She's rushing a confirmed murderer. Moriarty paints her own wrist in slow strokes of violet.

/

“Someone knows you,” Joan says. Technically she's talking to Moriarty, but it sounds like she's just talking to herself. “Someone knew you, I mean, when you were a child. Someone will remember.” 

“If that's what keeps you going, dear heart.” Moriarty is mixing colors, a dozen of them, to reach a shade of red Joan can't name. “I've killed all of them by now, anyway.”

“That's a joke,” Joan says. It almost comes out victorious, like it's such a victory to be able to read Moriarty even that well. “You don't kill people for sport,” she says, quieter. 

Moriarty hums. “No, I don't.”

“But you do kill people.”

“I do kill people. Oh, don't seem surprised. I have no delusions that not personally committing the act makes me any less present behind the trigger. Or bomb, or gas. I could go on.”

“You don't do it for fun, but you don't care.” Joan feels sudden, deep dread clawing at her, and it takes an enormous effort to keep still. “Why don't you care?” That one, frustrated question that's always grated at she and Sherlock. Why, why, _why._

Moriarty holds the paintbrush between her teeth for a moment, peeling off a hangnail, then resumes her work. “It must be awful, the last seconds of their lives,” she says. “Not the pain, you understand, but the realization. That they're dying.
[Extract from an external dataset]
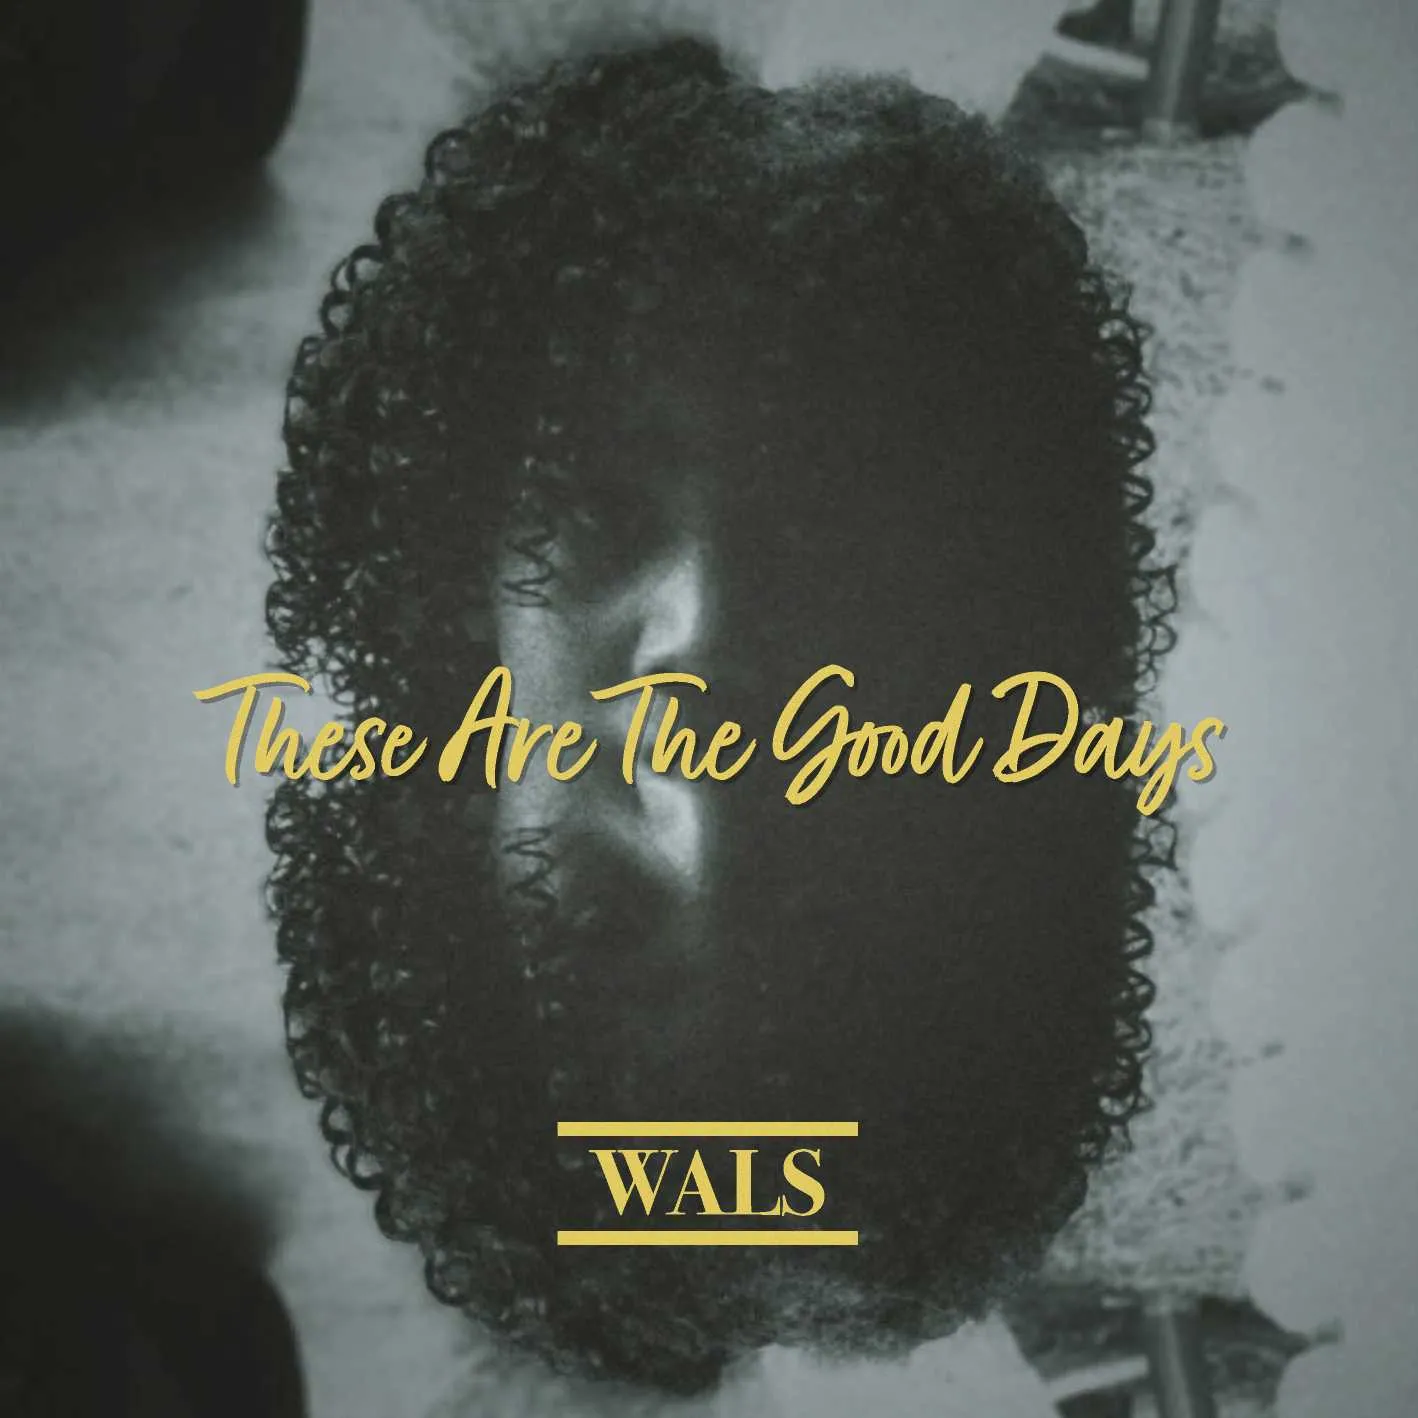 Album cover for “These Are The Good Days” by Wals

That they've been murdered.” 

Joan waits a beat. “And?”

“And then it's over.” Moriarty's face twists into something that looks terribly like an attempt at sympathy. “I don't relish in forcing people to suffer, Watson. It's not, as you would say, my style. That they do suffer is an unequivocal fact, and one that can't be avoided. But then it is over. They are finished, and there is no more pain or hurt.”
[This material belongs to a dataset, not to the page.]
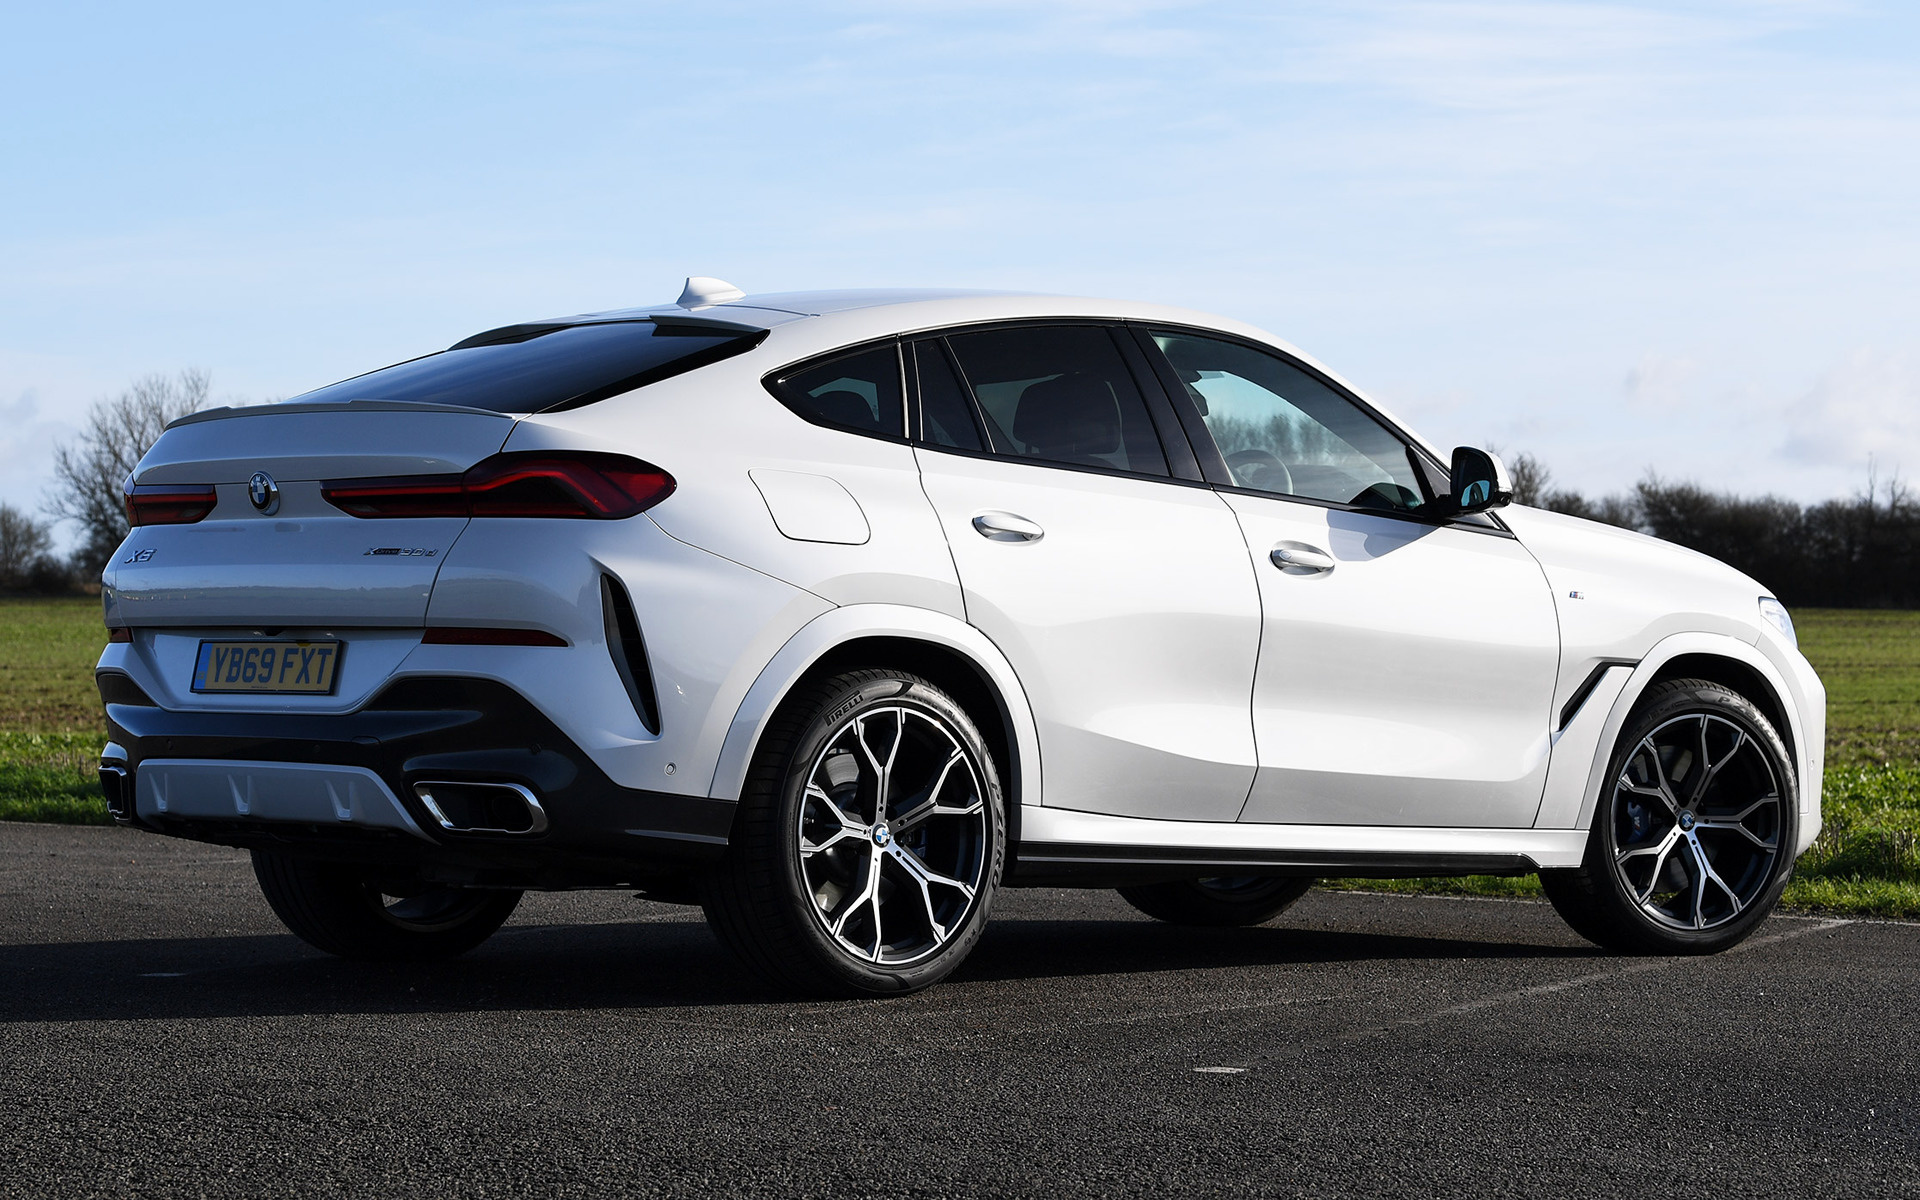 2019 BMW X6 M Sport (UK) - Wallpapers and HD Images | Car Pixel

“You think you're putting them out of their misery,” Joan says tonelessly. 

“No, no. I'm not the farmer in the slaughterhouse.” The crease between her eyes deepens, and it is clear to Joan that she is trying so, so hard to make Joan understand. “I have certain goals, and the best way to reach them is through murder. People respond so well to it.” 

“That's sick.” Joan means it with every fiber of her being. First, do no harm. 

Moriarty's gaze goes cold and shallow. “People's attachment to each other, people's attachment to life, are the things that make murder, supposedly, an unforgivable sin.” 

“What if Sherlock stepped in front of a train today?” Joan asks quietly. “Would you say the same thing?”

Her answer is in Moriarty's silence, and so Joan knows. Moriarty would miss the game of Sherlock Holmes; she would miss the opportunity of him, the possibilities of him, but she would not miss him. She wouldn't miss his horrible, ugly sweaters and his awful excuse for an inside voice and his shirts buttoned all the way up to the collar. A long, long time ago, maybe her first or second year of college, Joan had gotten stuck in an endless cycle of papers about personality disorders. She remembers plucking from the textbook and quoting, verbatim, what it meant to be a sociopath: _a consistent disregard for the rights of others._

“We're all people,” Joan says. “Just like you.”

Moriarty laughs.

/

It's dark today, and they don't speak for a long time. 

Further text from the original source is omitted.